Woodliff v. California Ins. Guarantee Ass'n

Decision Date07 August 2003
Docket NumberNo. B160114.,B160114.
Citation3 Cal.Rptr.3d 1,110 Cal.App.4th 1690
CourtCalifornia Court of Appeals Court of Appeals
PartiesArch WOODLIFF, Plaintiff and Appellant, v. CALIFORNIA INSURANCE GUARANTEE ASSOCIATION, Defendant and Respondent.

CHARLES S. VOGEL, P.J.

INTRODUCTION

This appeal raises a question of the first impression about the obligation of the California Insurance Guarantee Association (CIGA). The specific issue is whether CIGA is required to pay the claim of an insured of an insolvent insurer when the claim is based upon a judgment the insured obtained against the insurer prior to insolvency for breach of the contractual duty to defend. The judgment reflects the amount the insured paid for legal representation to defend himself after the insurer declined his tender.
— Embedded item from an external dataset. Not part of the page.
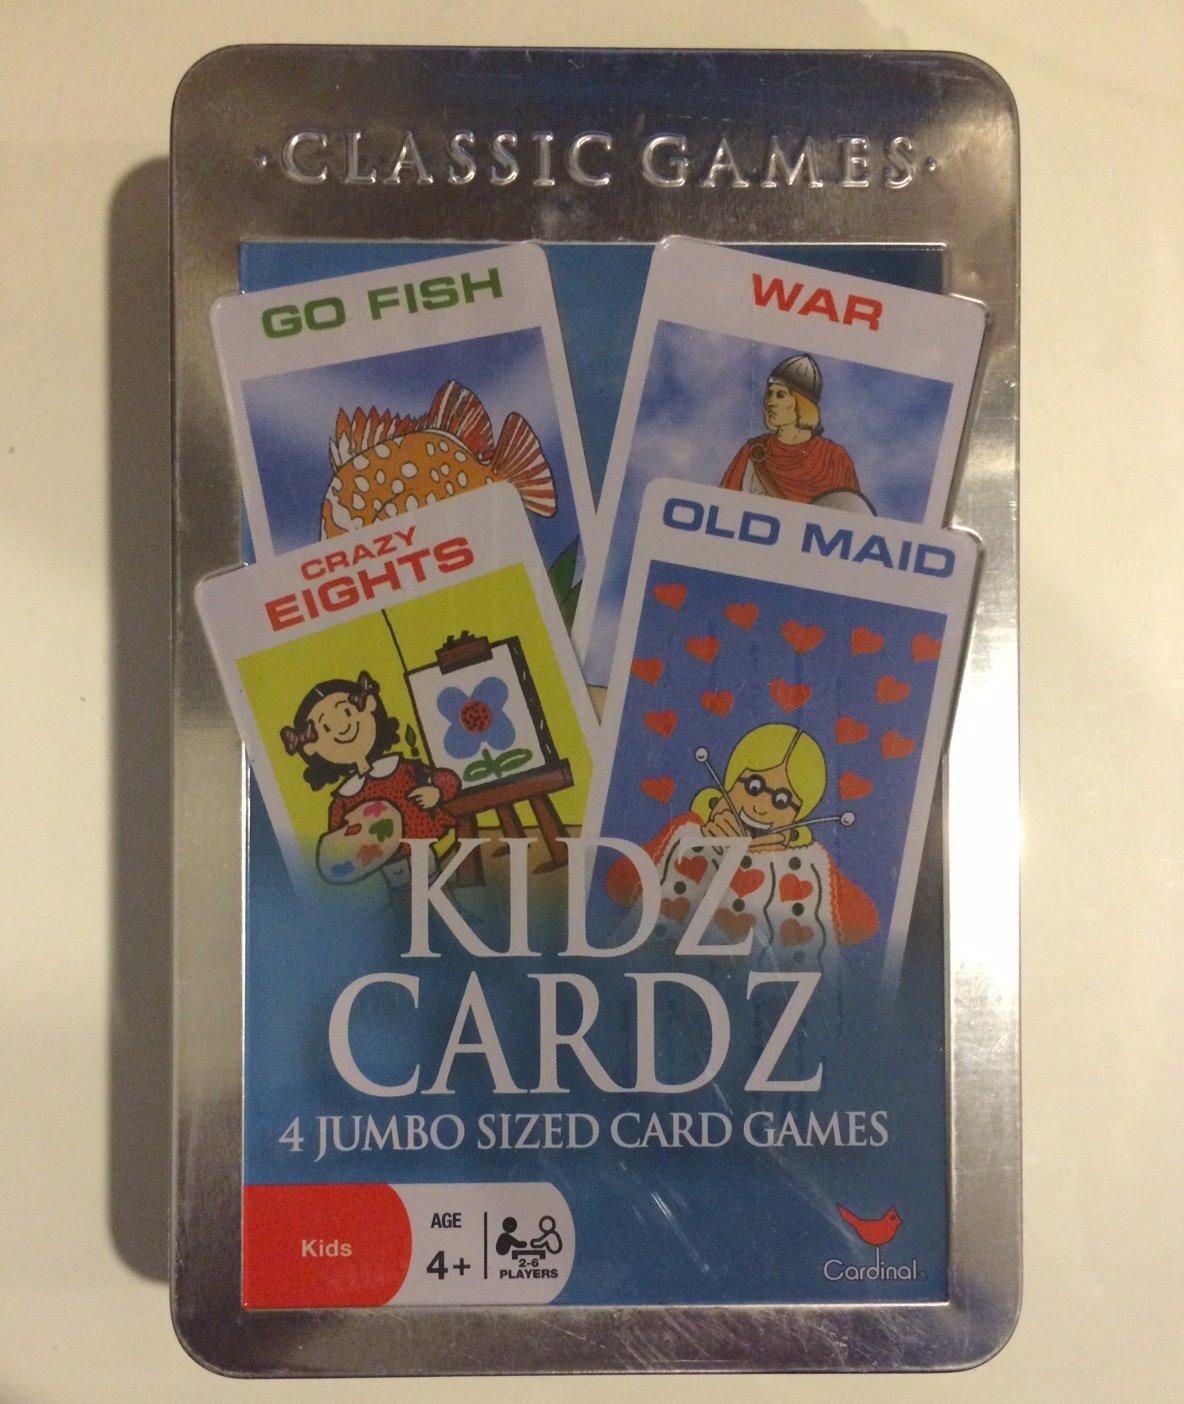 Kidz Cardz 4 Jumbo Größed Card Games by Go Go Go Fish - War - Crazy Eights - Old Maid 77618d

CIGA contended, and the trial court agreed, that it had no obligation to pay based upon subdivision (h) of Insurance Code section 1063.2.1 That provision provides: "`Covered claims' [for which CIGA is liable] shall not include any loss adjustment expenses, including adjustment fees and expenses, attorney fees and expenses, court costs, interest, and bond premiums, incurred prior to the appointment of a liquidator [for the insolvent insurer]." In a nutshell, CIGA's position and that of our dissenting colleague is that because the insured's judgment is to compensate him for attorney fees he incurred before the insurer became insolvent, the judgment and therefore the claim presented to CIGA is the functional equivalent of a claim for loss adjustment expenses for which CIGA is not liable.

We reject CIGA's analysis. The insured's judgment against the insurer is not a loss adjustment expense. In the insurance industry, the phrase "loss adjustment expenses" generally means the expense incurred by the insurer to investigate and settle a claim. Simply stated, an insured does not incur loss adjustment expenses because the insured does not initiate or control the loss adjustment process. The insured's reasonable expectation is that the insurer will engage in that process. That, in fact, is one of the reasons insurance is obtained. Consequently, when, as here, an insured is faced with a refusal to defend by its insurer and thereafter first retains counsel to defend and later obtains a judgment against the insurer to compensate for damages caused by breach of the contractual duty to defend— damages that can include compensation for monies spent on attorney fees—the insured's judgment against the insurer cannot reasonably be categorized as one for "loss adjustment expenses." Instead, it reflects compensation awarded to the insured by a court based upon the insurer's failure to provide a key benefit owed to him under the insurance policy: legal representation. Because we conclude the exclusion in section 1063.2, subdivision (h) does not apply, CIGA is obligated to pay the insured's claim since, as conceded by CIGA, the insured's judgment otherwise falls within the statutory definition of a "covered claim." We therefore reverse the judgment.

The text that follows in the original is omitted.